A plea for awareness of smallholder realities is not a call to revolution. But a diligent awareness of origin in the marketplace — one that informs business practices and trading relationships — can have a profound effect on the livelihoods of the smallholder farmers at the other end of the coffee chain.
In three recent conversations with noted coffee writers, I have asked how the issues farmers face at origin might get more air time in “boutique” coffee circles. Mr. Cho’s post helped focus some attention on smallholder realities, however briefly. Perhaps the scourge of coffee leaf rust, which directly affects the sourcing of every coffee roaster out there, may focus more sustained attention on the lived realities of smallholder farmers.
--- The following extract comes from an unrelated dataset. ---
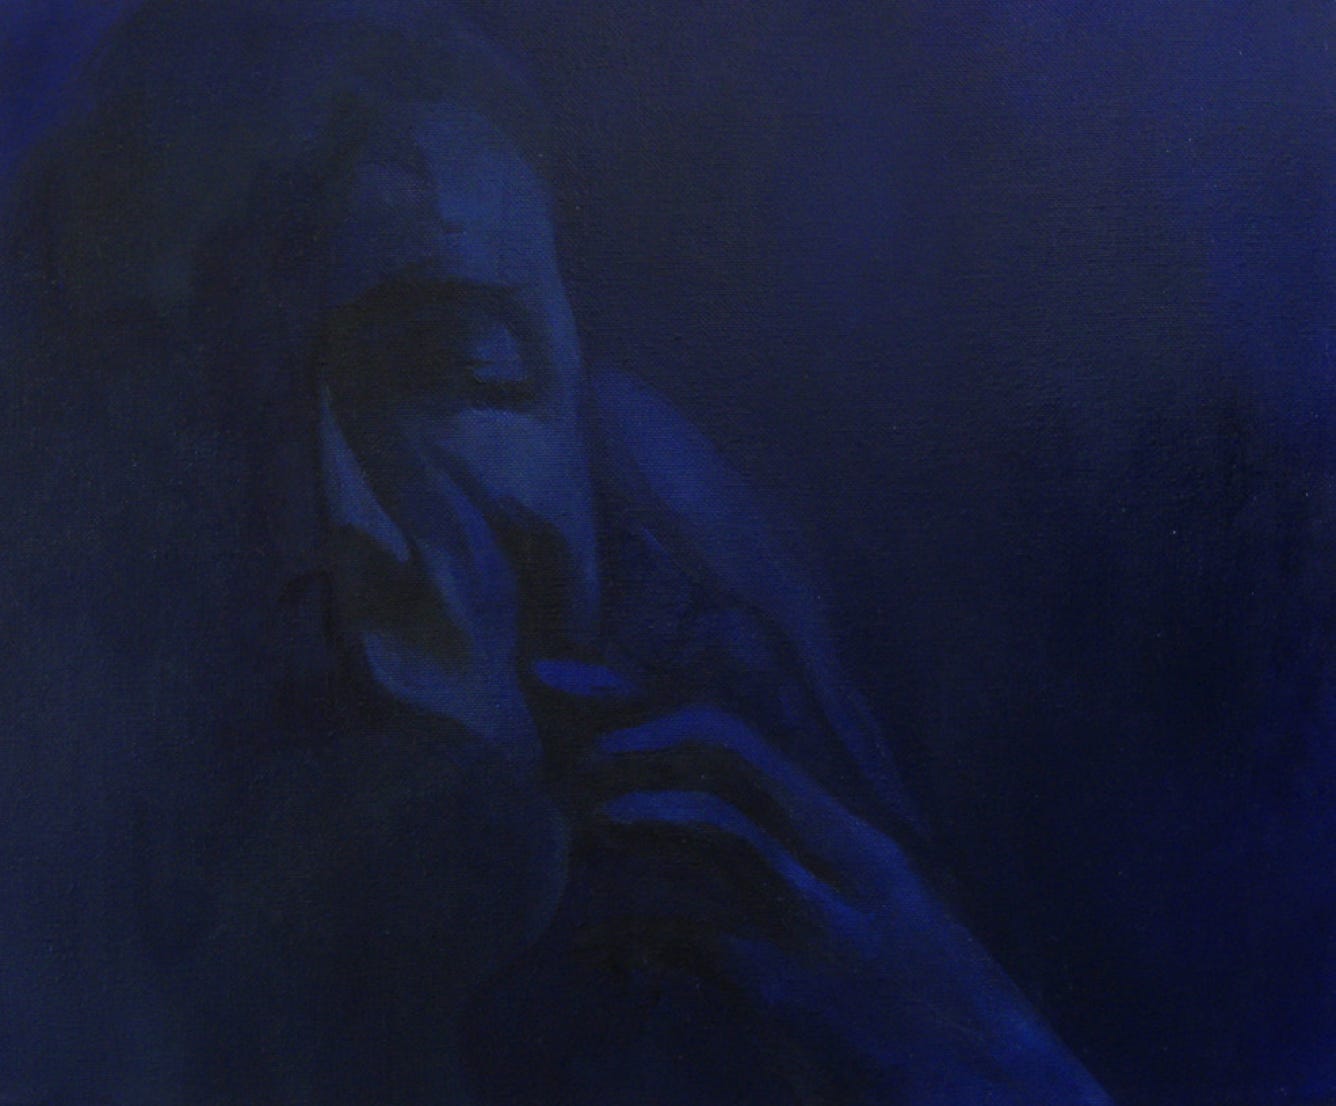 33x40 cm, oil on canvas, 2010

Not a few industry observers have used the current coffee leaf rust crisis to advocate for support for World Coffee Research, a vital and ambitious industry-related initiative to conduct the kinds of research that have been desperately needed and sorely lacking in specialty coffee for years. WCR doesn’t just promise practical responses to the challenges farmers are facing — it proposes to generate them in ways that increase the capacity of local coffee research institutes to perform this work into the future.
What difference does research make? Nicaragua, for example, does not have a publicly funded coffee research institute and is reeling this harvest from the effects of rust. Colombia, whose national coffee research institute CENICAFE is heavily funded by public revenue, has struggled with coffee leaf rust since 2008 but had a ready response thanks to decades of breeding work. You may not be convinced by the quality of the Castillo cultivar in the cup, but it is hard to argue with a farmer’s impulse to do take measures to keep her coffee alive and hard not to be impressed by the agility of the country’s response.
Most coffee-growing countries have limited capacity to deliver agronomic assistance to farmers. Even Colombia’s powerful Federación Nacional de Cafeteros doesn’t have as many extension agents as it would like. But at least Colombia has a standing army of field agents who have been able to support the country’s massive, coordinated response to leaf rust. Nicaragua reportedly has vowed to mobilize an army of 15,000 agronomists. But a conscript army cobbled together after the enemy has already taken command of the field may be too little, too late.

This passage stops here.